Transplanted HS:caβ-catenin cells activate tbx16 cell-autonomously. (A, C) Transplanted cells in the progenitor population are identified in blue. Cell-autonomous expression of tbx16 is not apparent in control cells (B) but is apparent in cells with HS:caβ-catenin (D). (E) Quantification of all transplanted cells within the tailbud from the same experiment as shown in A-D. At both 6 and 8 hrs post-heat shock, cells expressing caβ-catenin were less likely to express ntl and more likely to express tbx16 than control transplanted cells.
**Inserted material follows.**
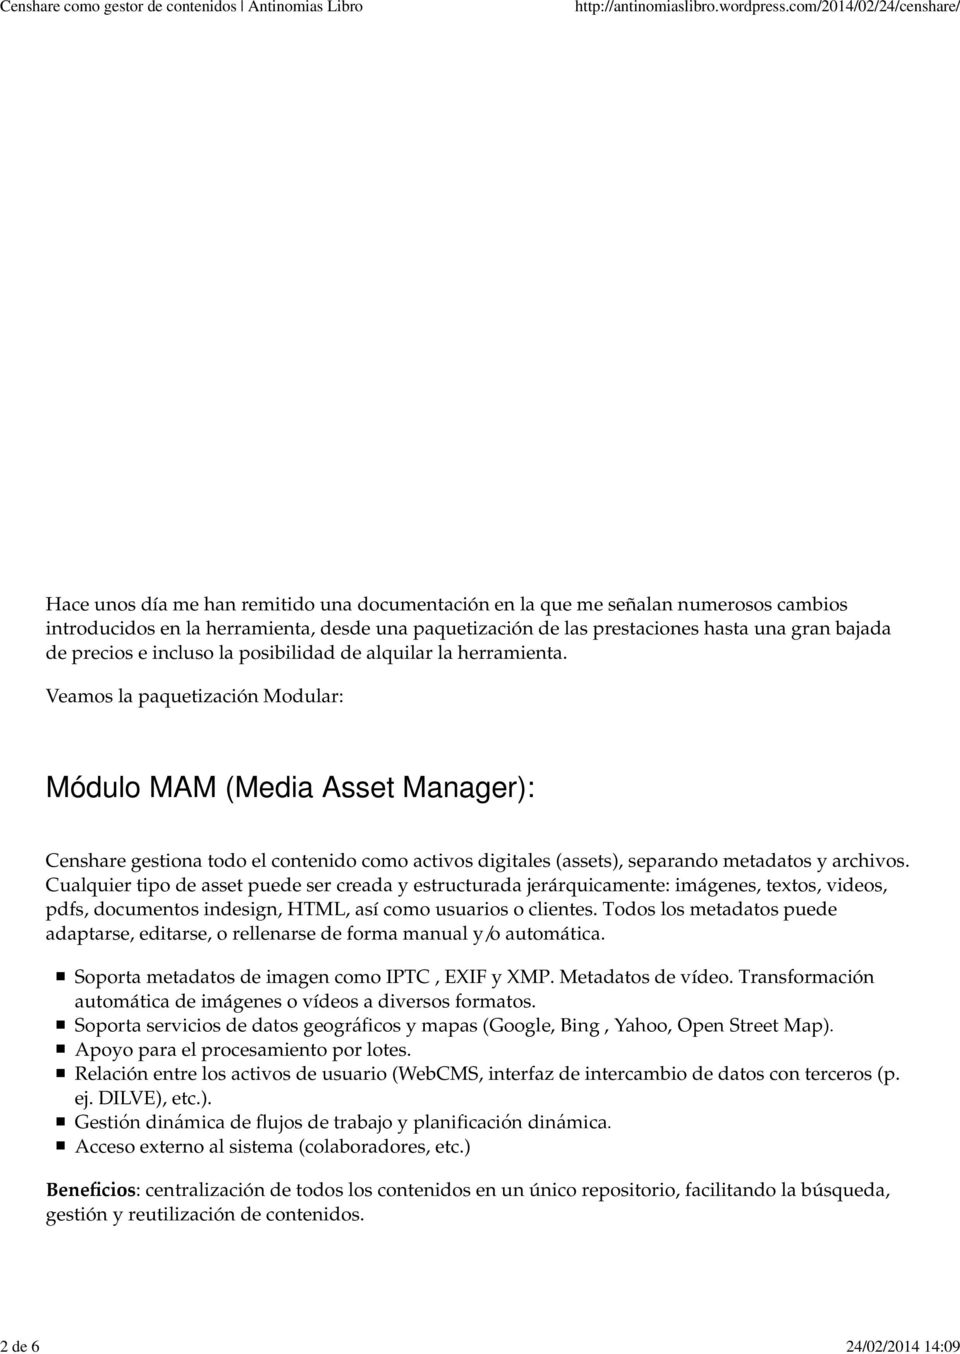 Veamos la paquetización Modular: Módulo MAM (Media Asset Manager): Censhare gestiona todo el contenido como activos digitales (assets), separando metadatos y archivos.

At 6 hours post-heat shock, 151 cells were analyzed from 16 embryos (control) and 190 cells were scored from 19 embryos (HS:caβ-catenin); the distribution of control cells was different from HS:caβ-catenin cells (chi-square; P=0.052). At 8 hours post-heat shock, 131 cells were analyzed from 15 embryos (control) and 99 cells were scored from 14 embryos (HS:caβ-catenin); the distribution of control cells was significantly different from HS:caβ-catenin cells (chi-square; P<0.01).

sox2 and ntl increase when Tbx16 and Msgn1 are depleted. Whole mount in situ hybridization shows a decrease in pcdh8 expression in embryos (A, B; 13 controls and 12 morphants) injected with tbx16 MO;msgn1 MO (B). sox2 expression (C, D; 11 controls and 13 morphants) and ntl expression (E, F; 16 controls and 10 morphants) increase in embryos injected with tbx16 MO;msgn1 MO (D, F).